Introduction
Pancreatic cancer (PC) is highly lethal malignancy and consider the fourth most common cause of cancer-related deaths worldwide. The majority of patients, approximately 80%, are diagnosed at an advanced and incurable stage, advanced local (III) or metastatic (IV), of disease, and only around 20% of cancers are suitable for surgical resection. The prognosis for PC is extremely poor, with only 7% five-year survival rate. Few chemotherapy treatments have been shown to slightly improve survival for advanced pancreatic cancer patients, but even with the best treatments currently available, the median survival for these patients is less than one year. For over 40 years, survival rates in pancreatic cancer have not shown any improvement, and there is a clear need for further research of this disease to improve patient outcomes.
Palliative indiscriminate chemotherapy still is the standard of care for patients with advanced PC with no biomarkers currently available to guide the likelihood of an individual’s response to treatment. In recent decades, the treatment of many cancers has been evolved, in which screening for specific molecular changes is applied to patients first, and then targeted therapy is applied accordingly. Examples of this approach include the use of EGFR and ALK inhibitors in non-small cell lung cancers harbouring EGFR mutations or ALK gene rearrangements; BRAF and MEK inhibitors in melanoma; and trastuzumab and pertuzumab in HER2 amplified breast cancer, all of which have led to clinically meaningful improvements in patient outcomes. Given the limitations of current treatment regimens, the prospect of applying precision medicine to the treatment of PDAC holds great appeal.

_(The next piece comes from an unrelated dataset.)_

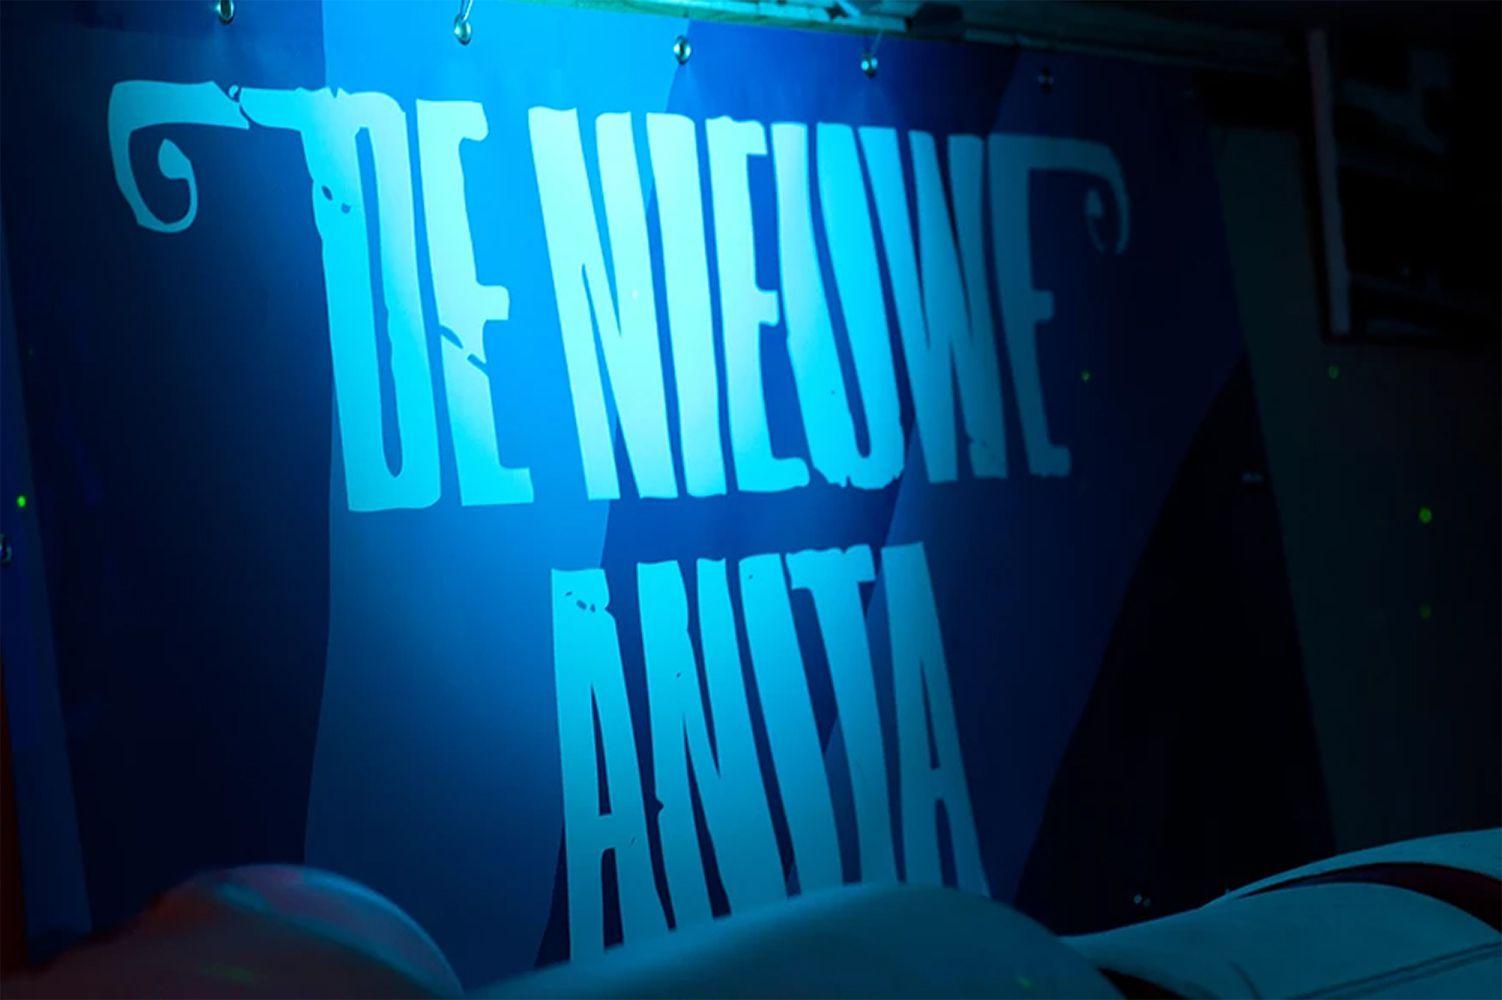 A sign for the music venue De Nieuwe Anita

Pancreatic ductal adenocarcinoma (PDAC) accounts for about 90-95% of all pancreatic cancer cases
Genomic landscape of PDAC
Recent advances in next-generation sequencing technologies have allowed for significant progress in the characterization of the genomic landscape of pancreatic cancer, leading to better understanding of the pathogenesis of this disease and identification of a number of potential therapeutic targets.
An activating somatic mutation of the KRAS gene has long been implicated as a critical event occurring early in the development of the overwhelming majority of human PDAC. Mutation of this gene has been implicated in the progression of pre-malignant pancreatic intra-epithelial neoplasia (Pan-IN) into invasive malignancy, and has also been demonstrated to play a vital role in tumour maintenance. Early mutation in KRAS is typically followed by the loss of multiple tumour suppressor genes, most notably CDKN2A, TP53 and SMAD4. However, beyond these common mutations, recent studies have revealed significant tumour heterogeneity among PDAC patients, highlighting a major challenge to the application of precision medicine to this disease.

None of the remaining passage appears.